> _REQUIRED WORK_: Find the line with "Ram Cooler Power Steering" in the entries below, then output every line from it down to the line with "Reclaimed Wood 2-Door 2 Drawer Sideboard Cabinet - Timbergirl", exactly and with no pictures.

> _DATA SECTION_:

*** Begin section ***

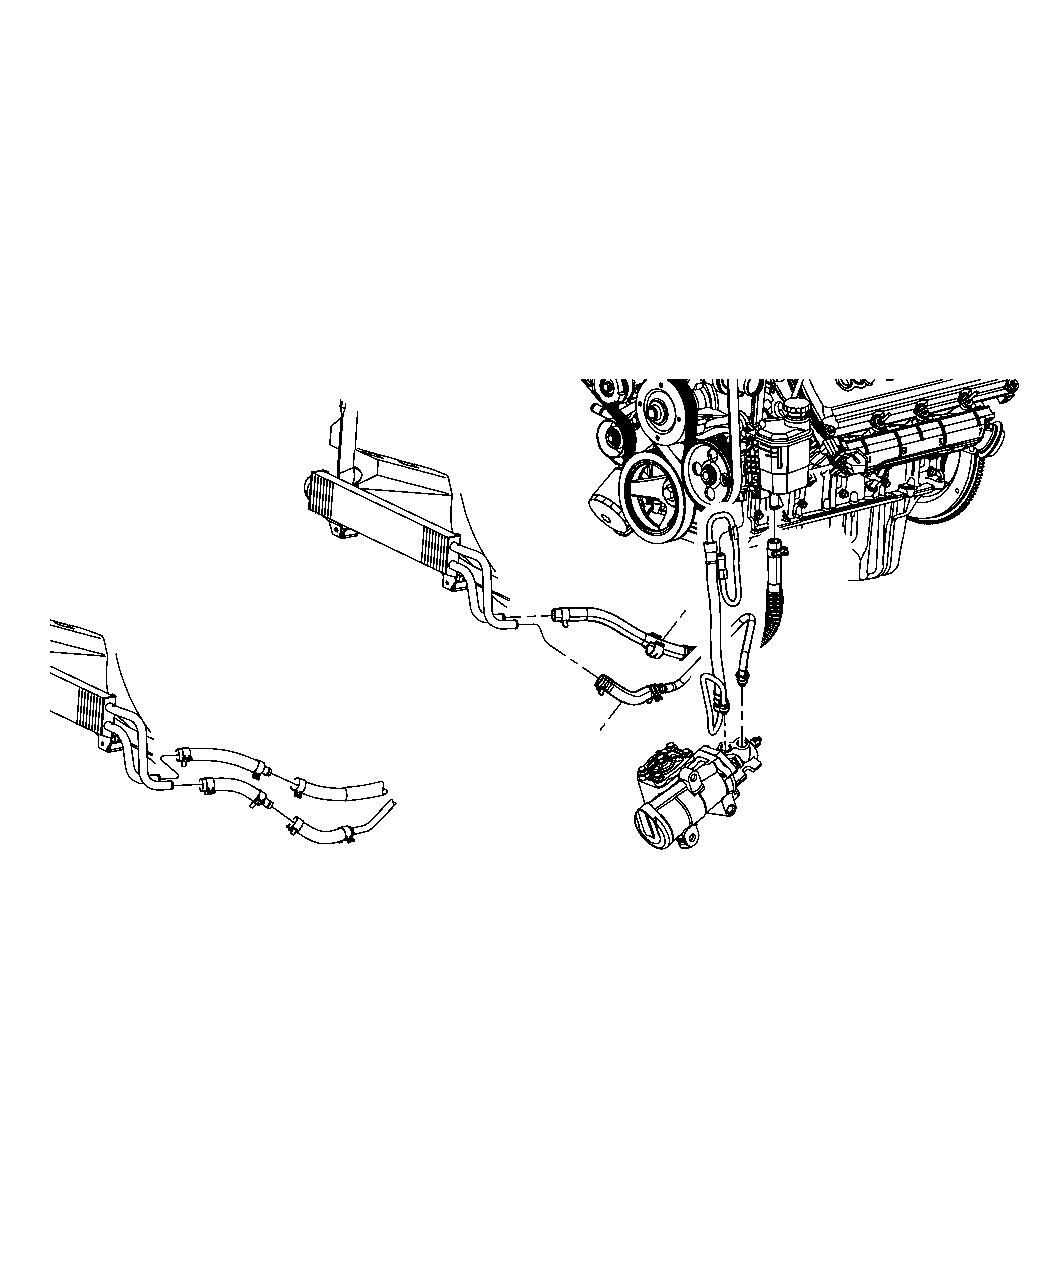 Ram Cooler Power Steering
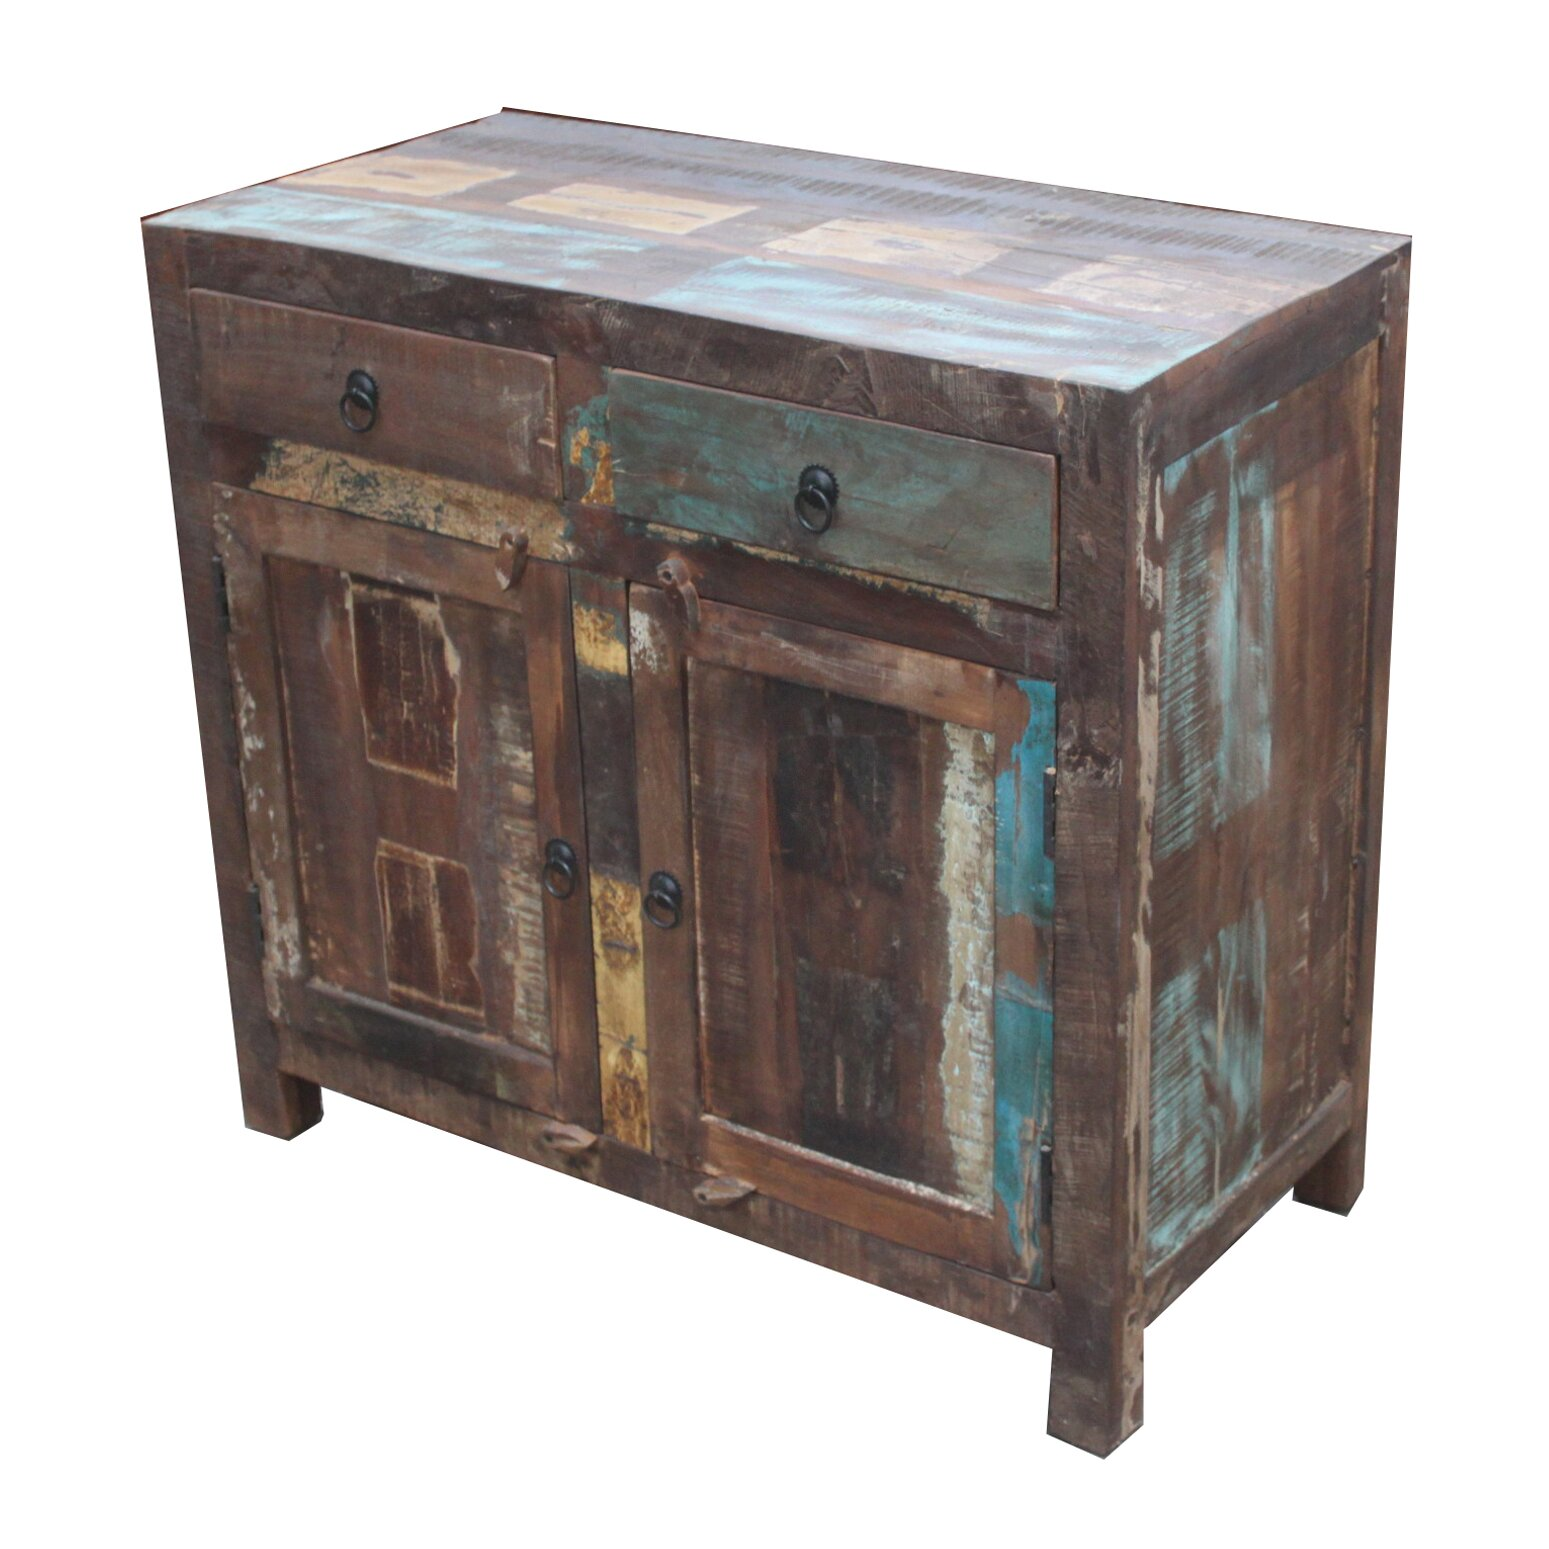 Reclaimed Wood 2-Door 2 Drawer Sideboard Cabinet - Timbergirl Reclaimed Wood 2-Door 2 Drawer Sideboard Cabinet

*** End section ***
*** Begin section ***

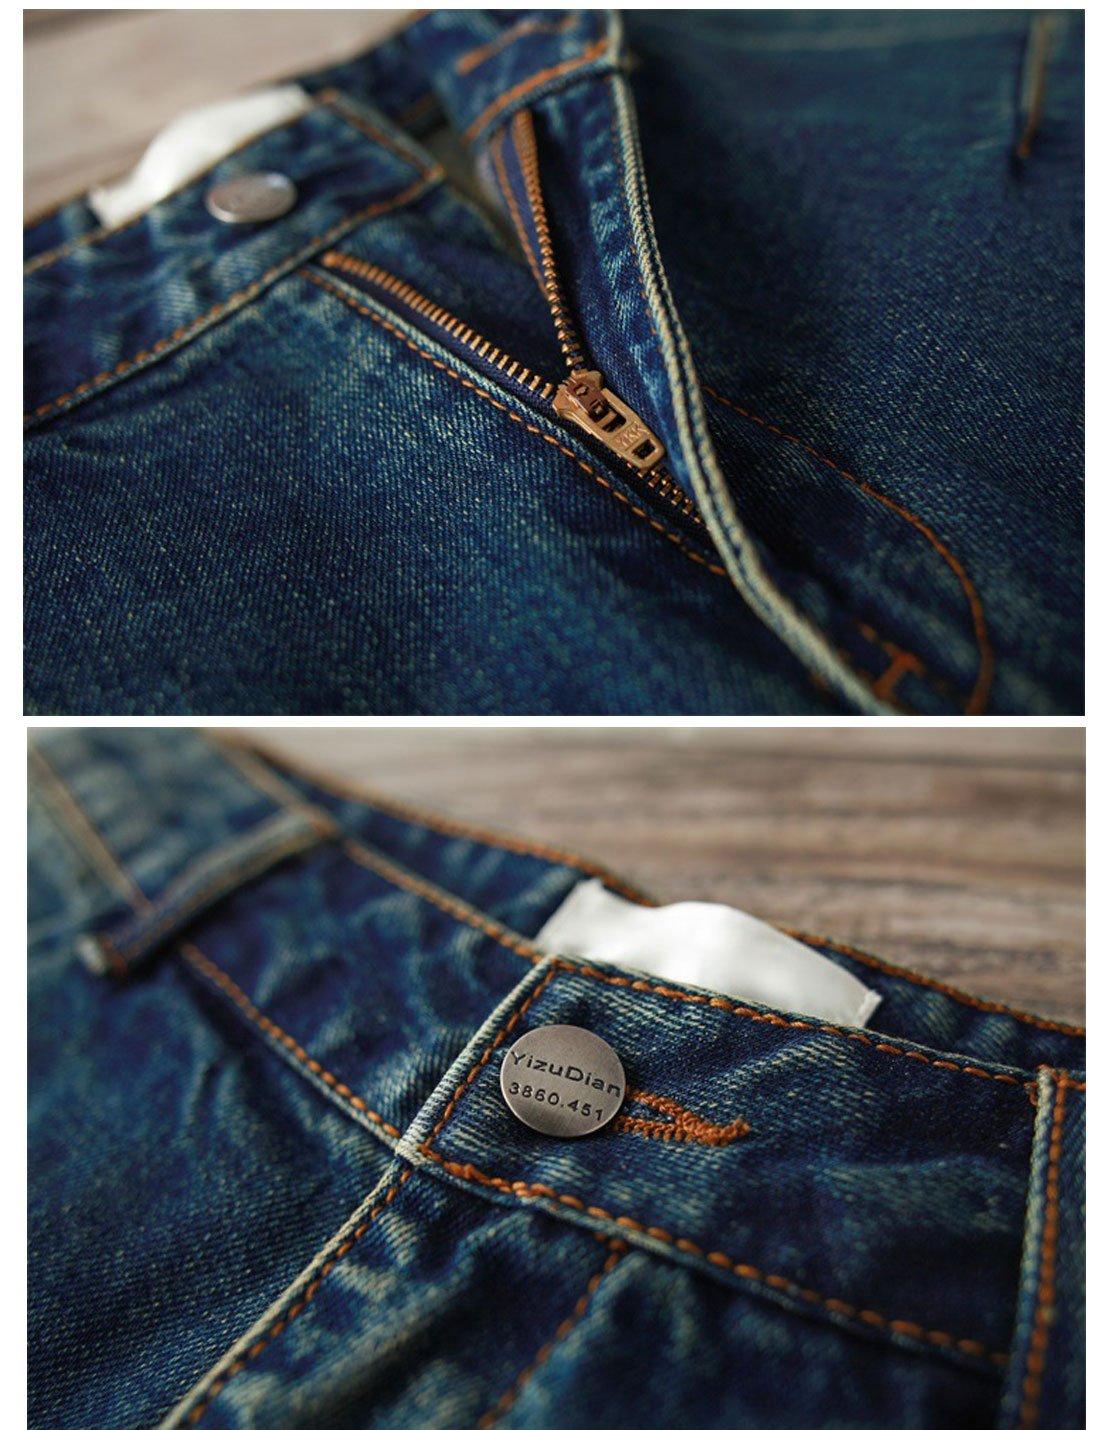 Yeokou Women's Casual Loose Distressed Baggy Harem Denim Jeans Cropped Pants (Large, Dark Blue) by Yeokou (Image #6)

*** End section ***
*** Begin section ***

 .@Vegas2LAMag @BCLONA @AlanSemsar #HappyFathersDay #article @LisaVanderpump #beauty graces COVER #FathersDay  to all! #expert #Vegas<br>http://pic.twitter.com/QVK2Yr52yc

*** End section ***

> _SOLUTION TO THIS TASK_:
 Ram Cooler Power Steering
 Reclaimed Wood 2-Door 2 Drawer Sideboard Cabinet - Timbergirl Reclaimed Wood 2-Door 2 Drawer Sideboard Cabinet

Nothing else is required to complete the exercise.